In vitro embryo production
In vitro fertilization (IVF) and embryo culture were carried out according to a previously described procedure (Khatun et al. 2020). Briefly, frozen semen was thawed by immersing the straw in warm water (37 °C) for 20 s. Spermatozoa were washed by centrifugation (800g for 10 min) in 90% (v/v) percoll solution (GE Healthcare). After removing the supernatant, the pellet was diluted with IVF100 solution (Research Institute for the Functional Peptides, Yamagata, Japan) and centrifuged at 600g for 5 min. The spermatozoa pellet was then diluted with IVF100 to prepare a final sperm-cell concentration of 5.0 × 106 sperm/ml. Following IVM, COCs were washed three times with IVF100, and IVF was performed at 38.5 °C in 5% CO2 in air under humidified conditions for 6 h (25 oocytes per 100 μl sperm drop covered with liquid paraffin). After IVF, cumulus cells were removed mechanically by pipetting in CR1aa medium containing 5% FBS, and putative zygotes with polar bodies were placed into microdrops (20–25 zygotes per 50 μl drop) of CR1aa medium supplemented with 5% (v/v) FBS. The drops were then covered with liquid paraffin and cultured at 38.5 °C in a humidified atmosphere of 5% O2 and 5% CO2 and balanced with N2 through Day 8 (Day 0 represented the day of insemination).

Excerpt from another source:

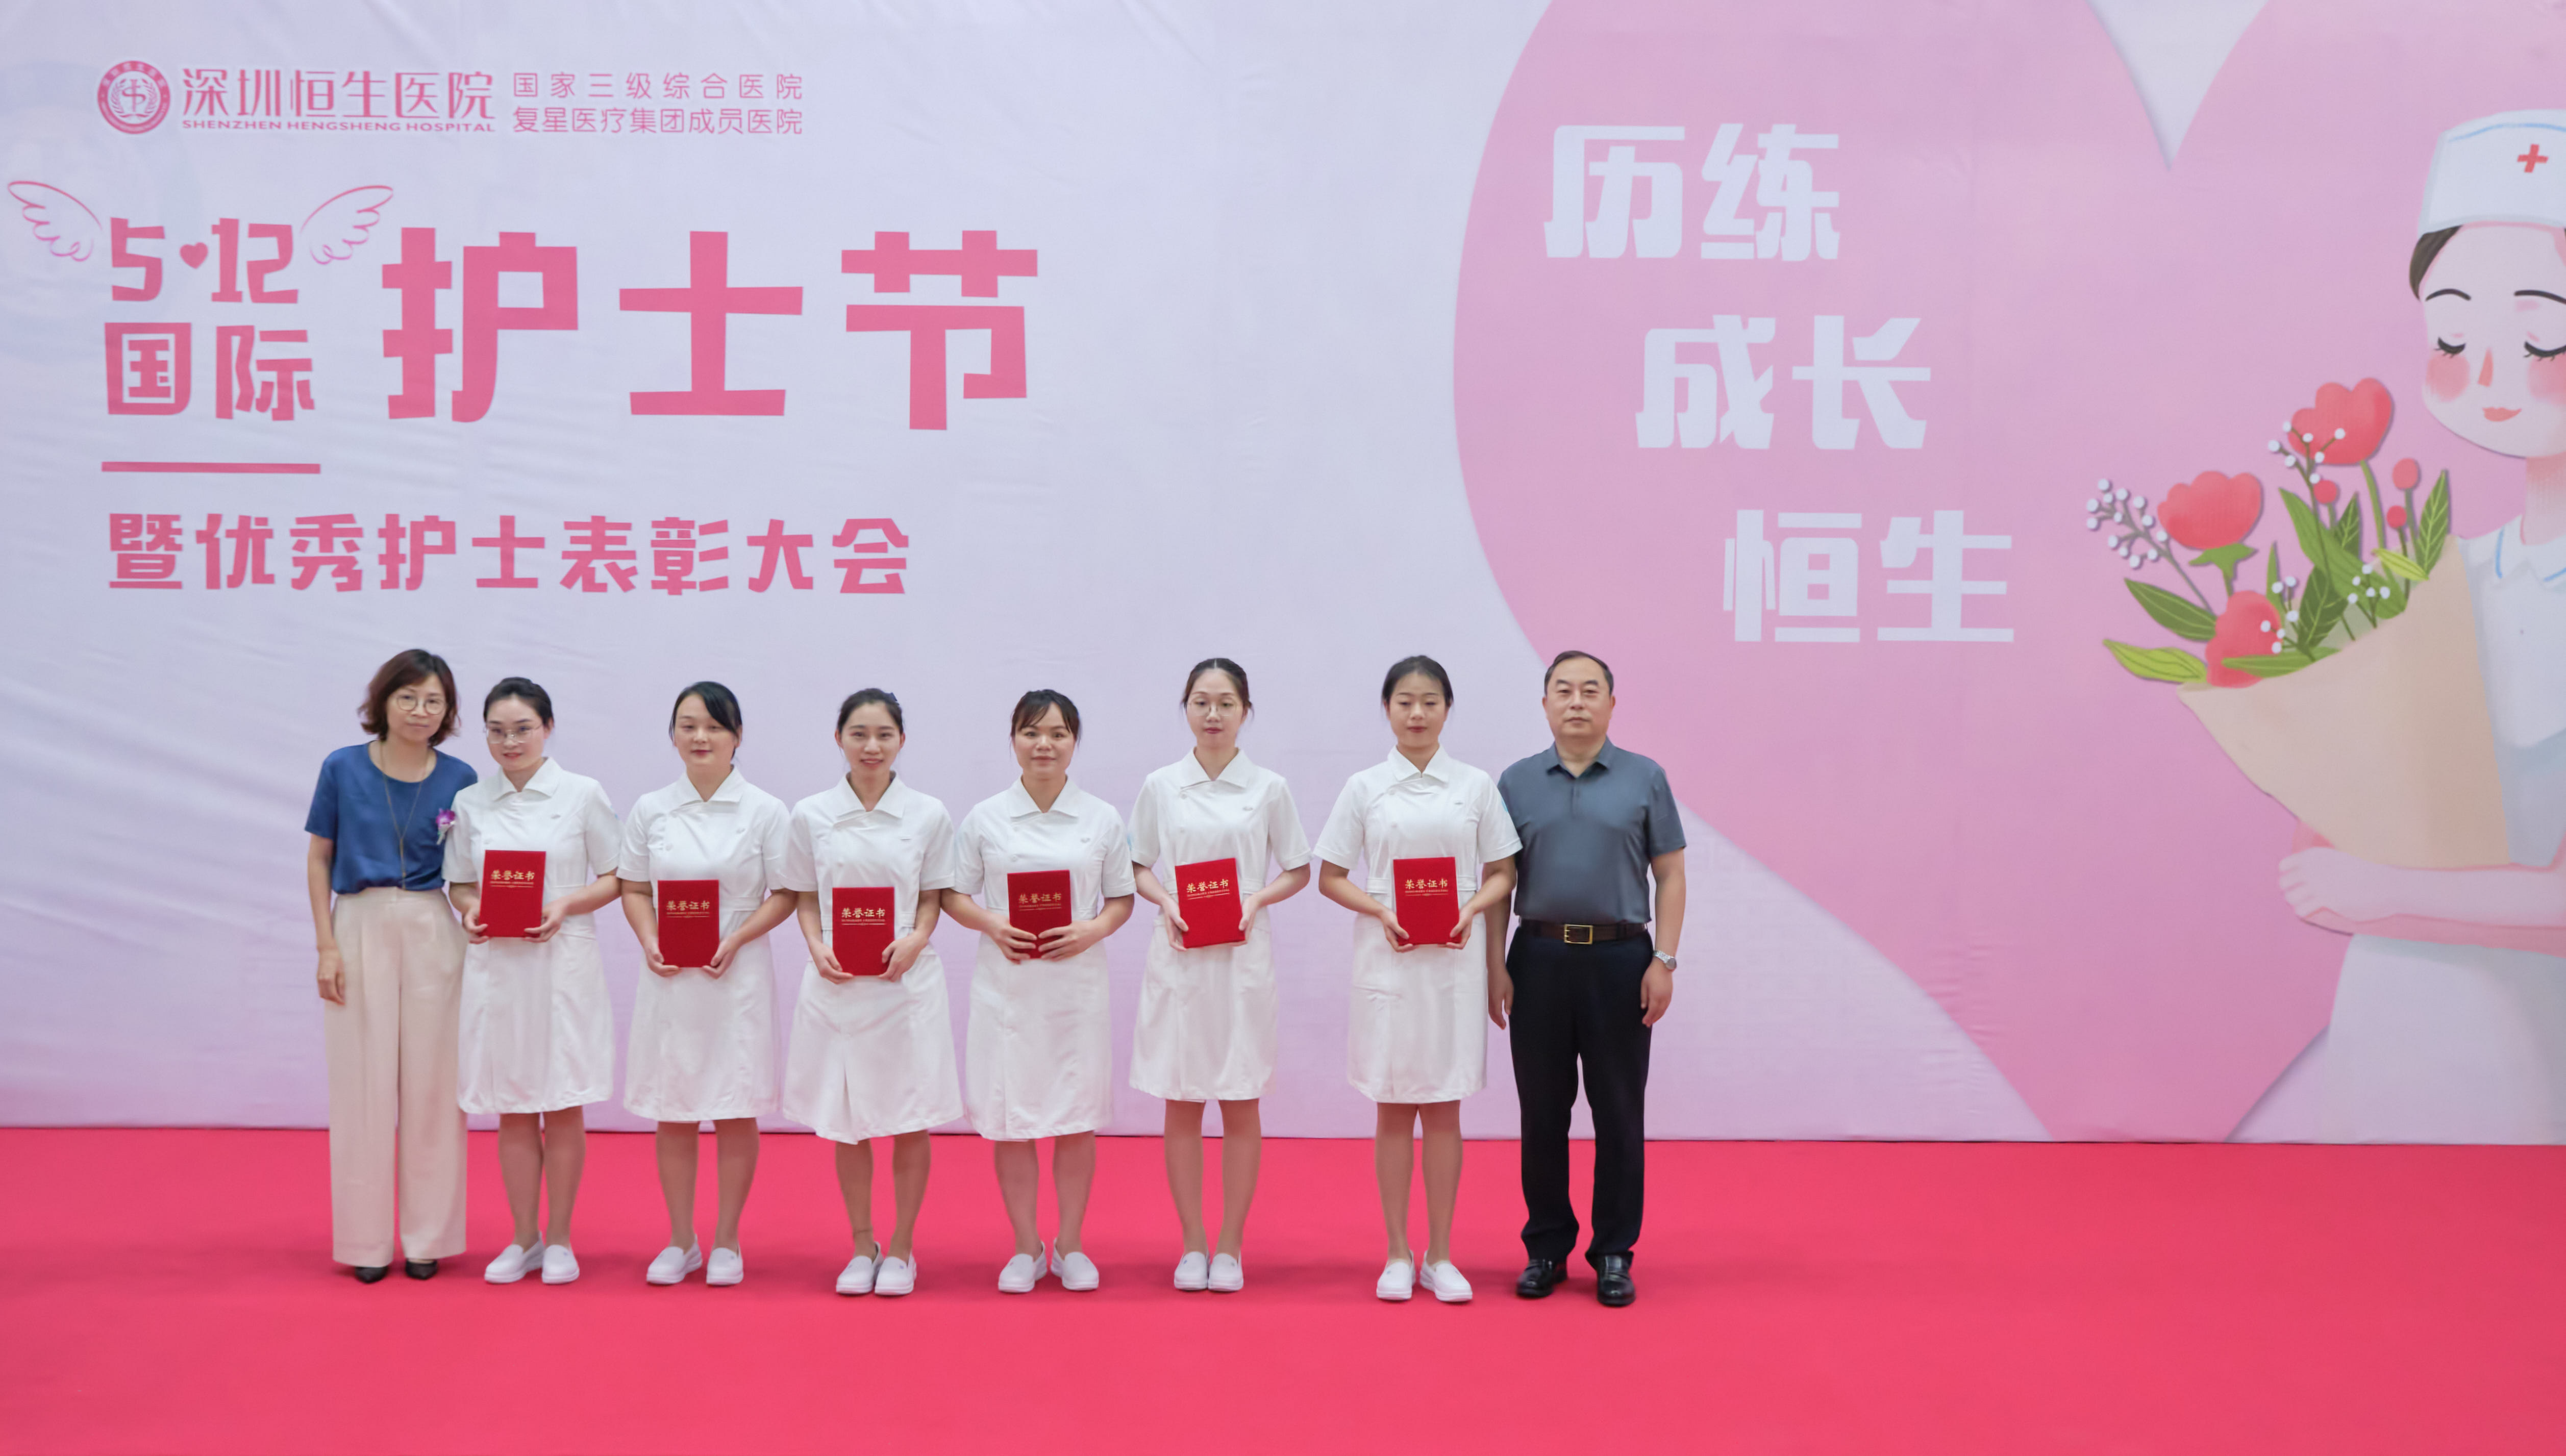 致敬最美天使 | 深圳恒生医院开展庆祝“5.12”国际护士节系列活动
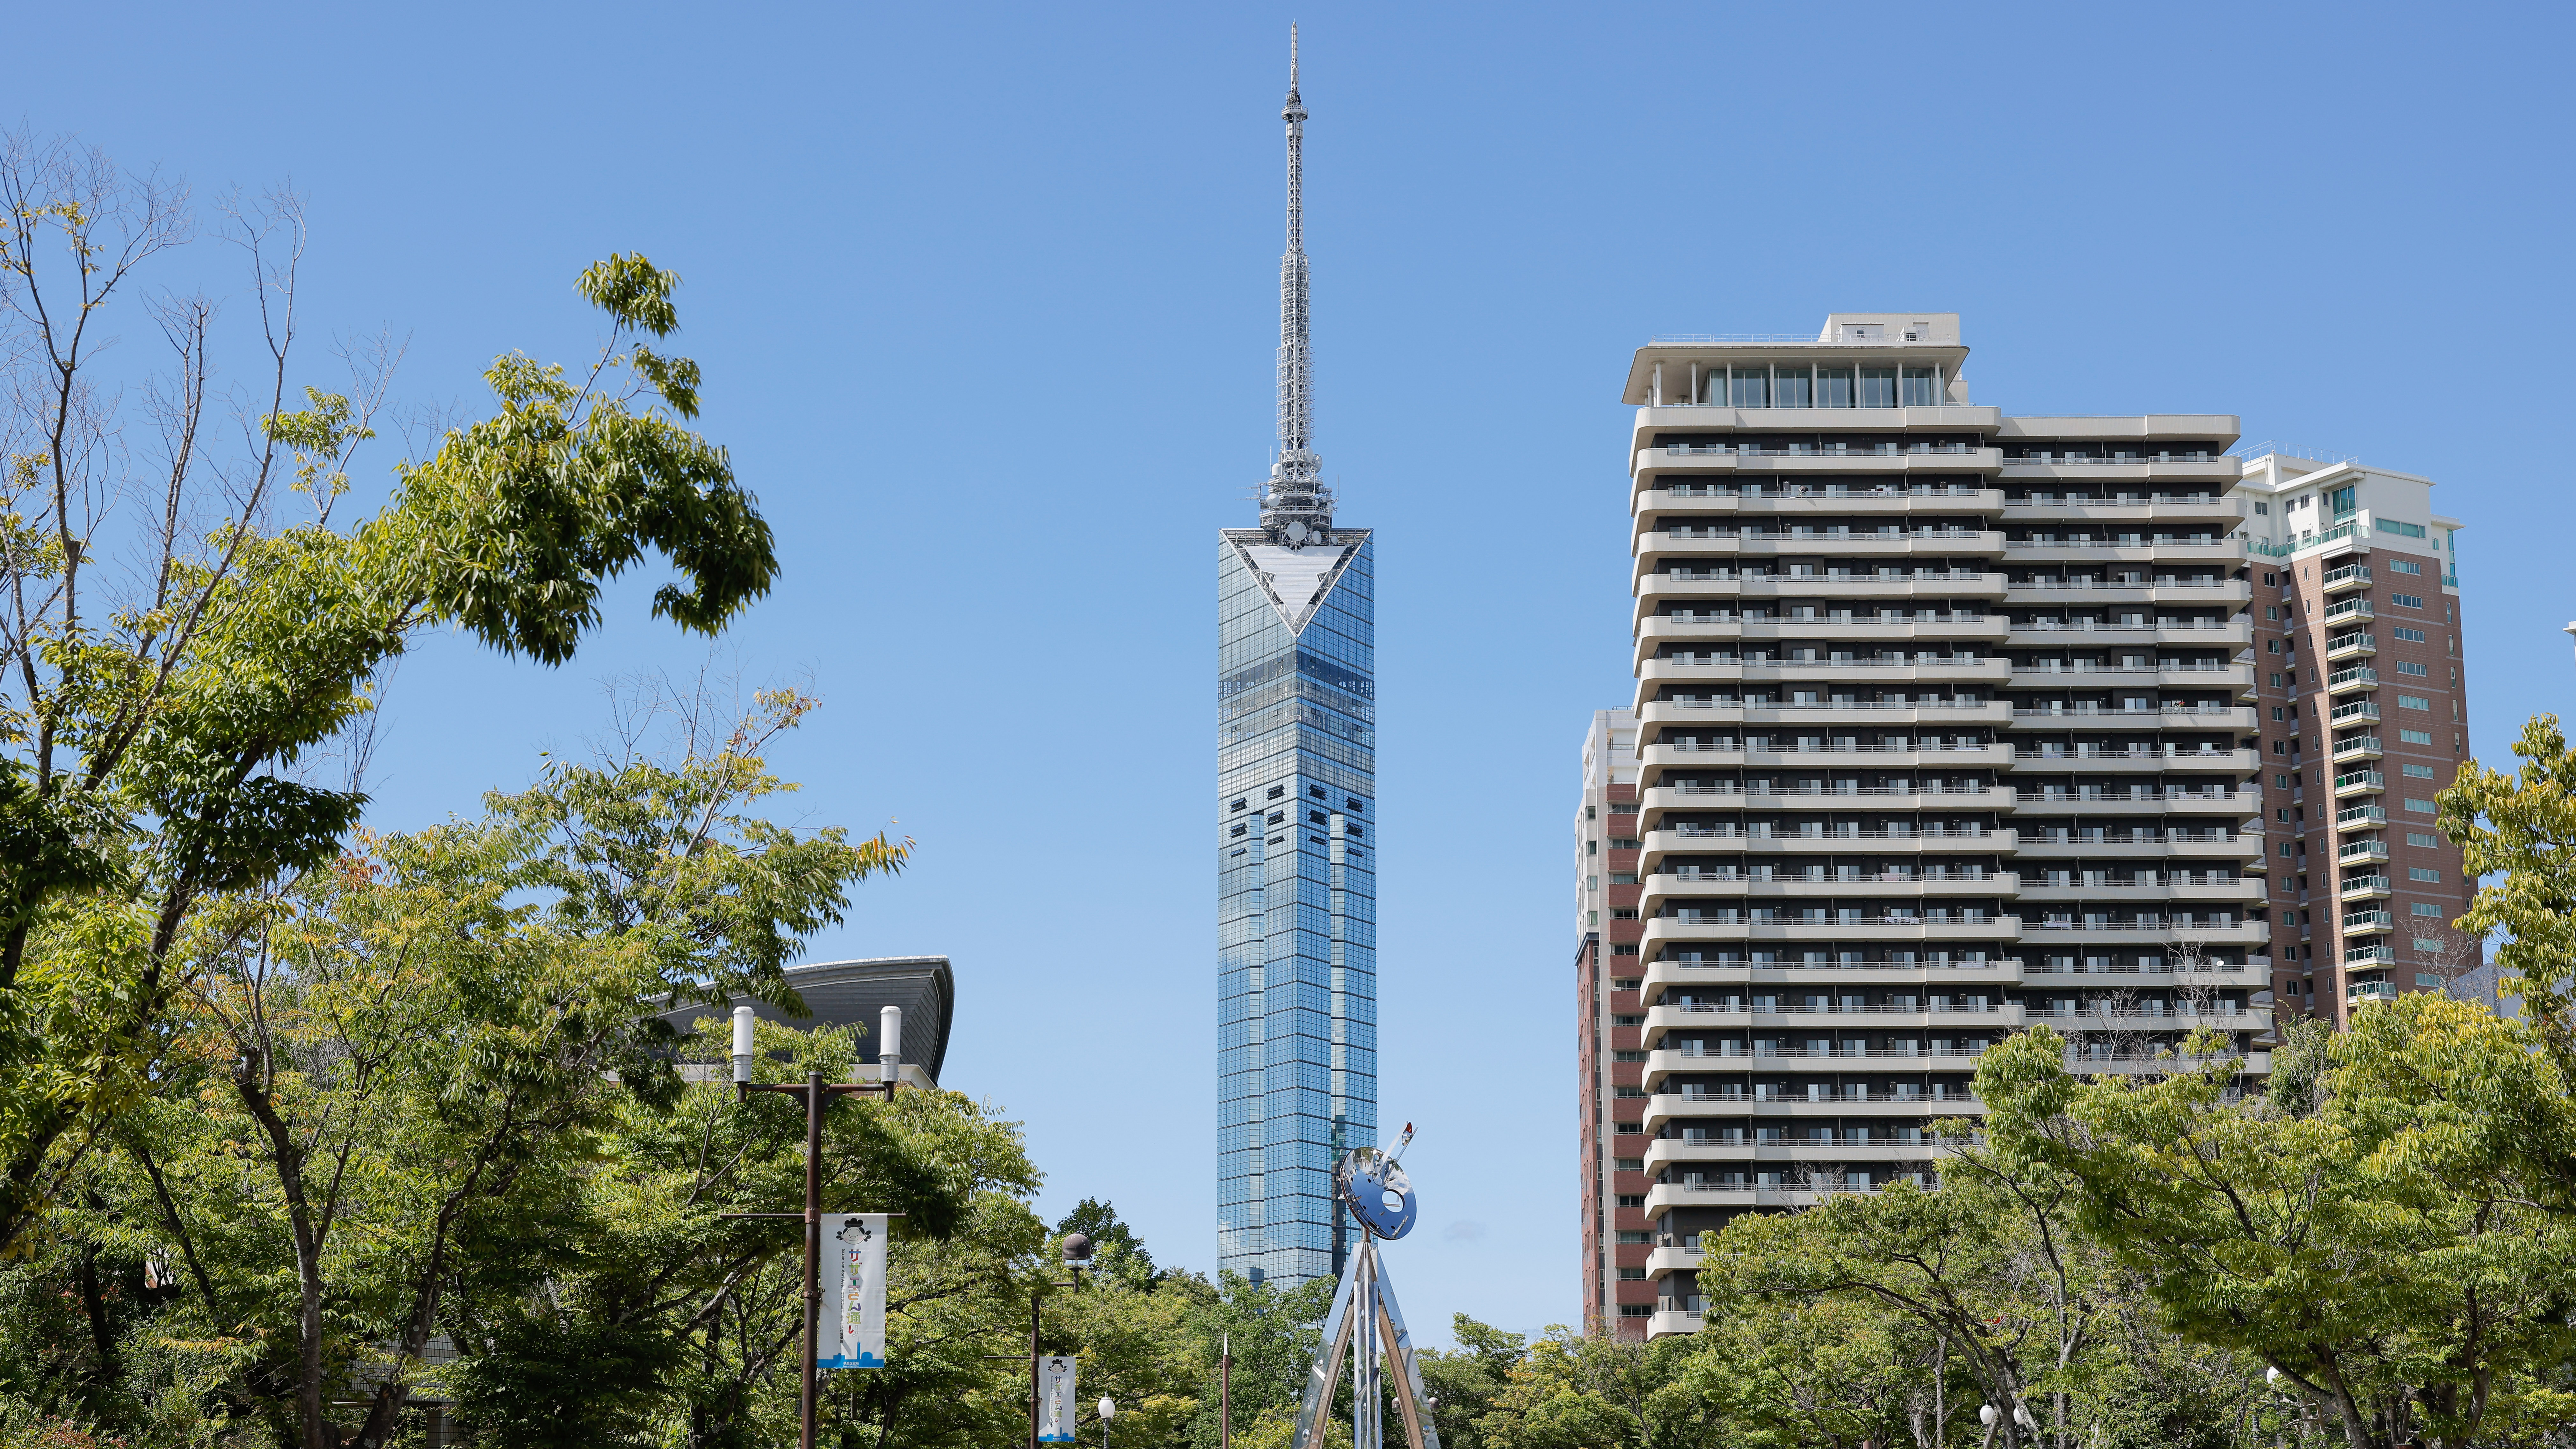 福岡タワー：全長234mの海浜タワー。展望からのパノラマは圧巻。天神からバスで25分

Each trial of experiment run was accompanied by parallel control and same cultural conditions. For each experiment, at least three independent replicates were performed unless specified otherwise. The results are presented as the mean ± standard error (S.E.M.). All data were analyzed using analysis of variance (ANOVA) followed by Tukey–Kramer multiple comparison test. All percentage data were arcsine transformed prior to statistical analysis. A value of P < 0.05 and P < 0.01 was considered to be statistically significant.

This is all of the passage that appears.